Amakusa oranges are sold under the premium brand name Miko, specifically cultivated oranges in Kitsuki City of the Oita Prefecture. The oranges are grown in climate-controlled greenhouses and are measured against strict standards and cultivation requirements to develop a sweet and juicy, high-end citrus. Kitsuki City is known for its warm climate and has a reputation for producing quality citrus. When Amakusa oranges are harvested from the Kitsuki City greenhouses, they are scanned with an optical sensor to detect the sugar and acidity levels. Oranges that meet the standard requirements, established by the Oita Central Citrus Horticultural Agricultural Cooperative Association, are renamed as Miko oranges and are sold under the brand name as a mark of quality. Miko is derived from the word “biko,” meaning “innocent, raw daughter” in an Oita Prefecture dialect. Beyond Miko, Amakusa oranges are also known under the brand names Amasan in the Okinawa Prefecture and Benikaori in the Nagasaki Prefecture.
Amakusa oranges were developed at the Kuchinotsu Fruit Tree Research Station in Minamishimabara City of the Nagasaki Prefecture.
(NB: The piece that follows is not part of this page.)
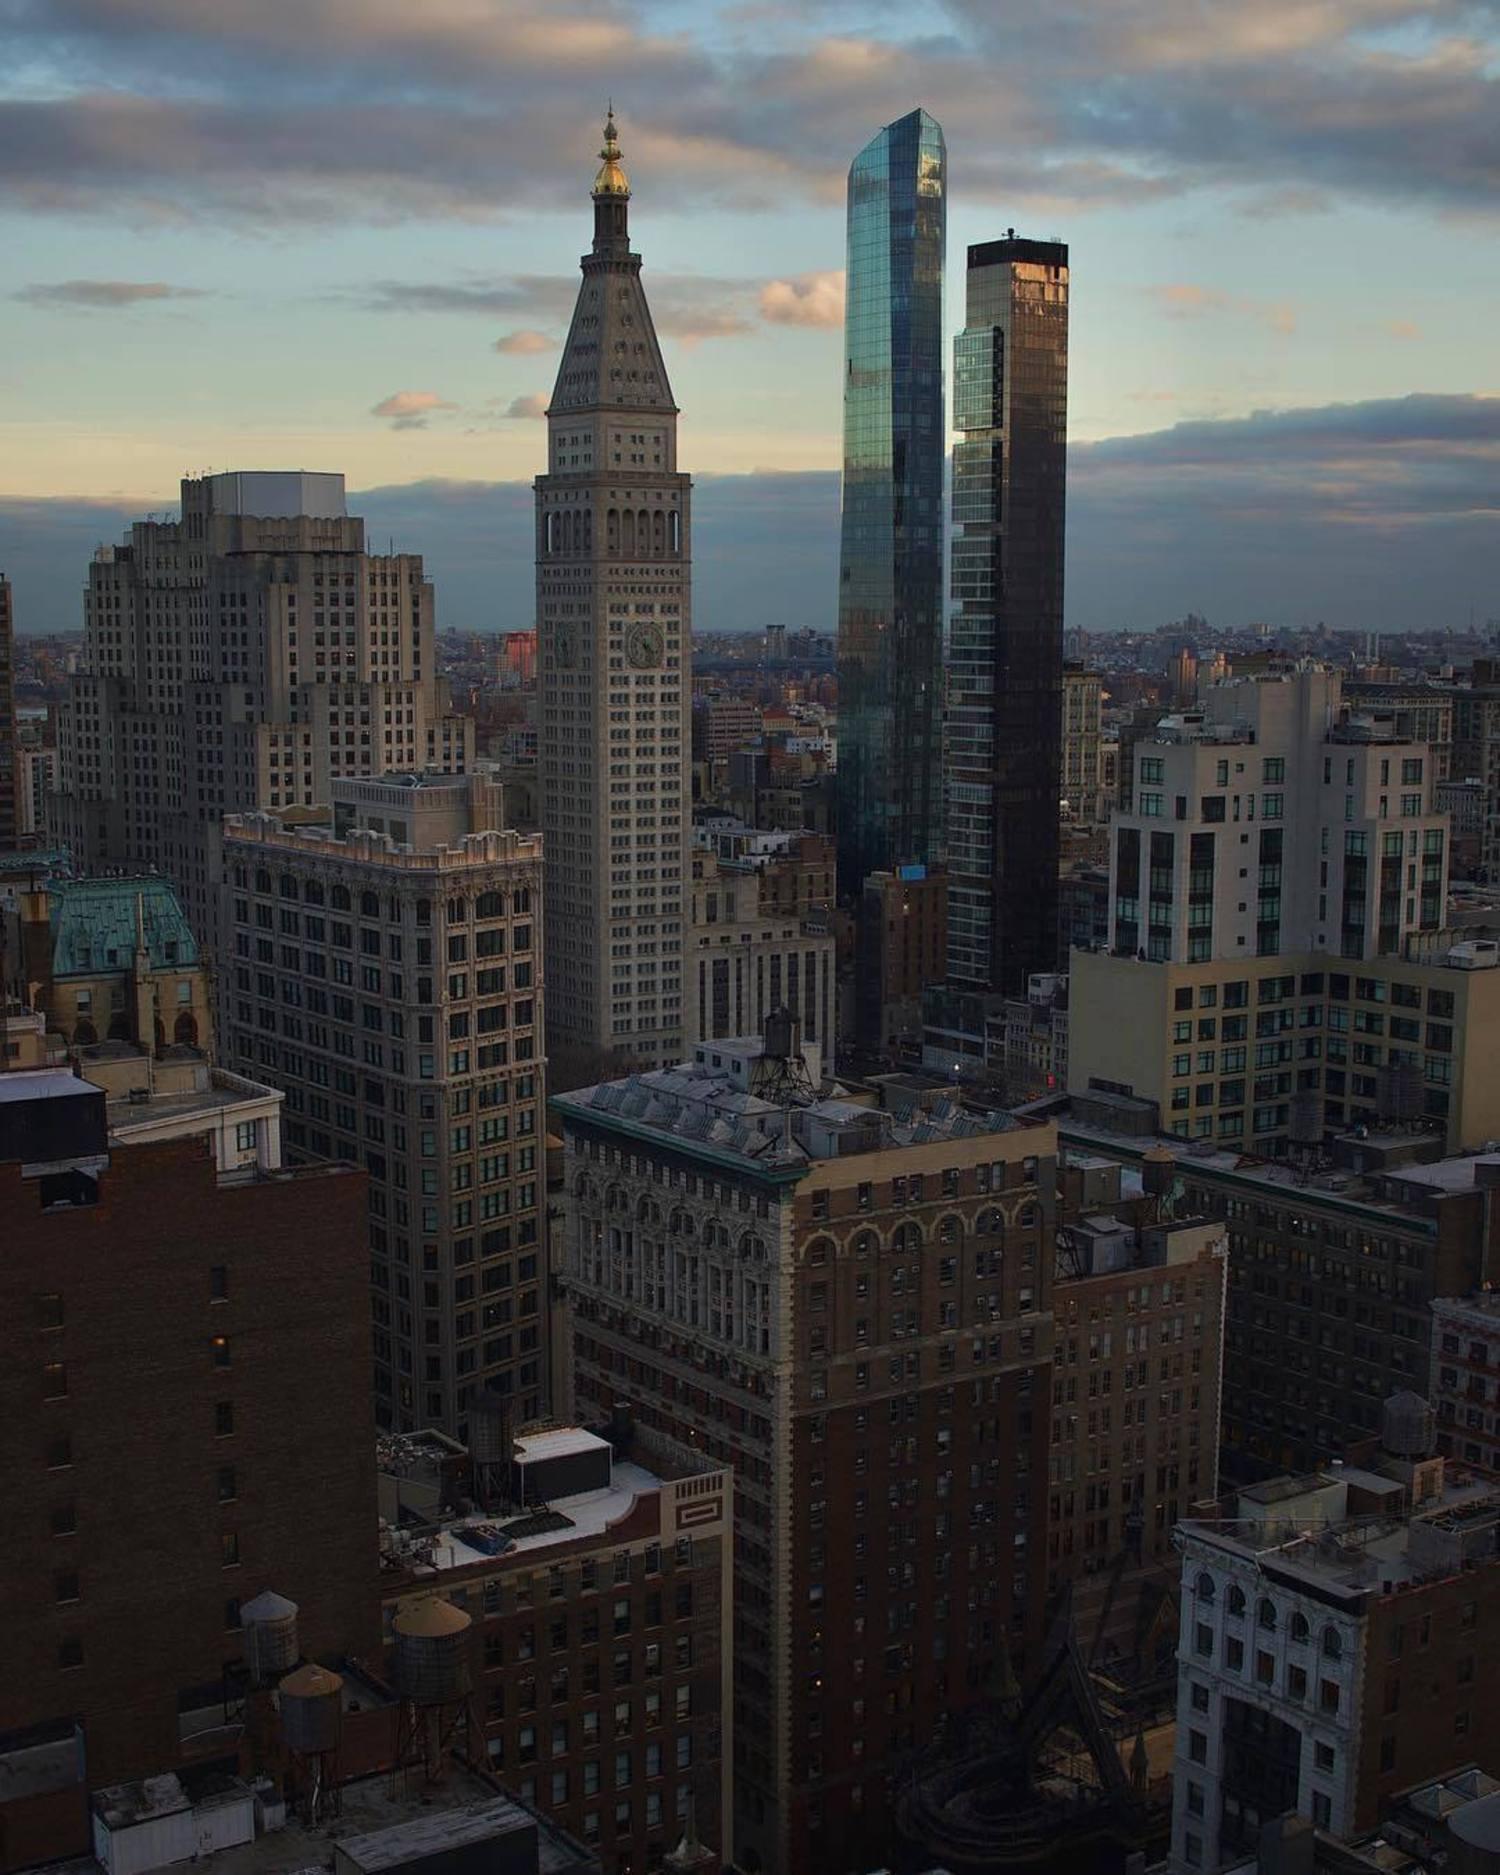 New York, New York. Photo via @m8b9 #viewingnyc #nyc #newyork #newyorkcity #flatirondistrict

The variety was created from a cross between an okitsu satsuma mandarin and kiyomi tangoru, and the product of that cross was then crossed with a page tangerine in 1982. The seedlings began bearing fruit in 1987 and were sent to other research stations for trials and studies for several years. The new cultivar was named Amakusa in 1993 and was registered as an official variety with the Ministry of Agriculture, Forestry, and Fisheries in 1995. Today Amakusa oranges are mainly grown in the Ehime Prefecture, producing almost half of the Amakusa oranges sold in commercial markets. The variety is also grown in the Oita, Nagasaki, Saga, Okinawa, and Kyushu Prefectures, sold domestically and exported to Southeast Asia as a specialty fruit. The Amakusa oranges featured in the photograph above were sourced from Meidi-Ya Supermarket in the Millennia Walk in Singapore.